They had big plans for winter fun.

“I was looking forward to building a snowman because we see in the movies and cartoons that they build lots of snowmen. We can’t do that in Kuwait,” said Anaum, 11, on CBC Montreal’s Daybreak.

Read more: http://www.cbc.ca/news/canada/montreal/montreal-green-christmas-temperatures-warm-record-1.3380104

Fast forward to December 29th;

Montreal saw a record snowfall for a Dec. 29 on Tuesday after 39.2 centimetres of snow blanketed the city and caused delays at the airport and left streets a mess for motorists and pedestrians.

Environment Canada confirmed the record, which eclipsed the 30.5 cm of snow that fell on Dec. 29 in 1954.

A few more centimetres were expected Wednesday, but no other major accumulations are in the forecast for the moment, Environment Canada told the Montreal Gazette.

City crews and contractors began the lengthy cleanup process at 7 a.m. on Wednesday, with all of the city’s boroughs getting to work by 7 p.m. to clear as much snow as possible before a pause for New Year’s Eve kicks in at 7 p.m. on Dec. 31.

Clearing operations are to resume Jan. 2 at 7 a.m.

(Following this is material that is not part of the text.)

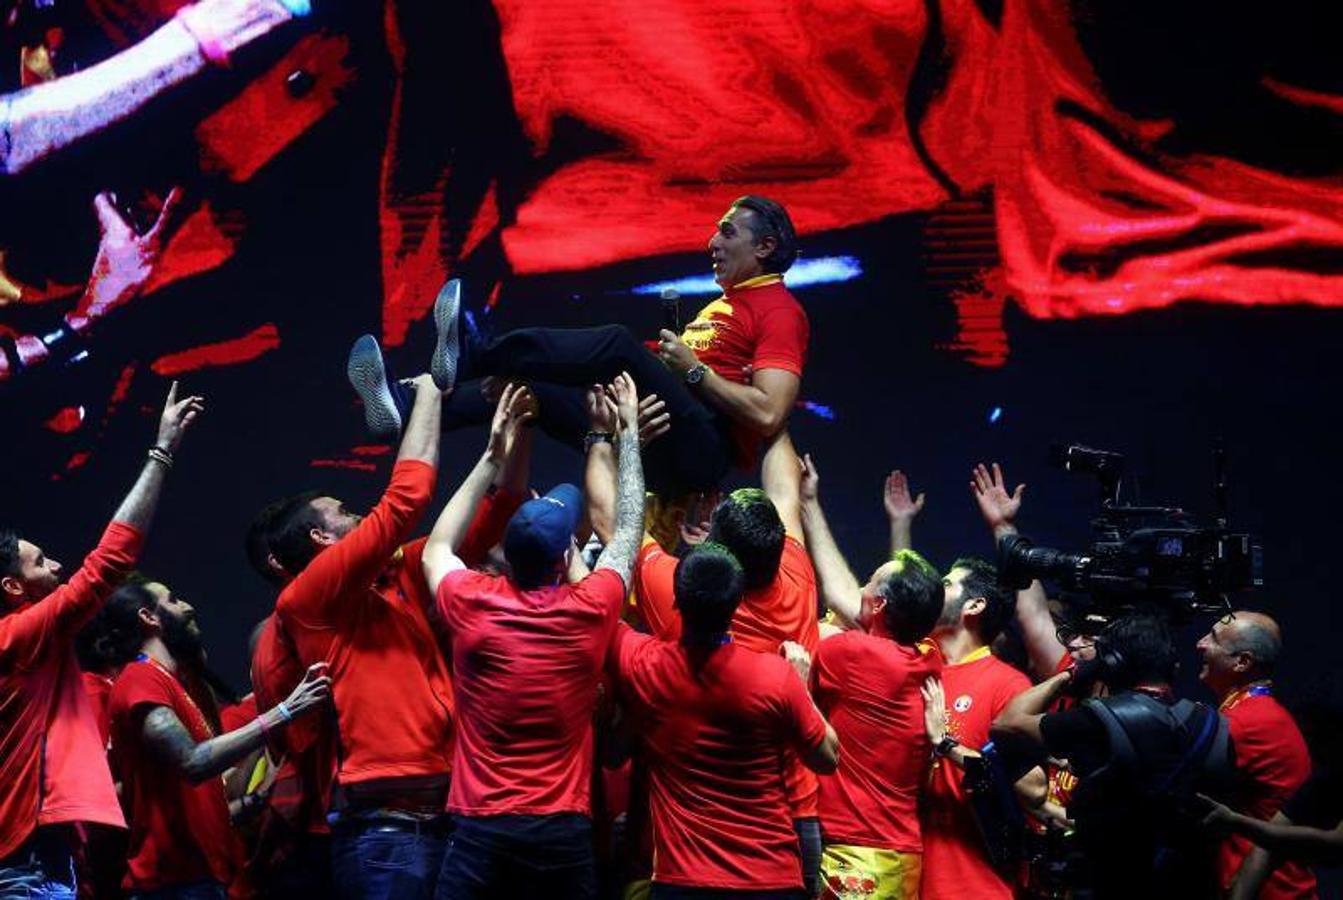 La selección española de baloncesto celebró en Madrid y por todo lo alto la segunda corona mundial de su historia

Read more: http://montrealgazette.com/news/local-news/montreal-sets-new-snowfall-record-after-tuesdays-storm

No doubt all that snow was due to CO2 causing climate alarmists to make fools of themselves. Thankfully civic authorities in Montreal ignored the hype; Mayor Denis Coderre’s new snow clearing programme appears to be a resounding success.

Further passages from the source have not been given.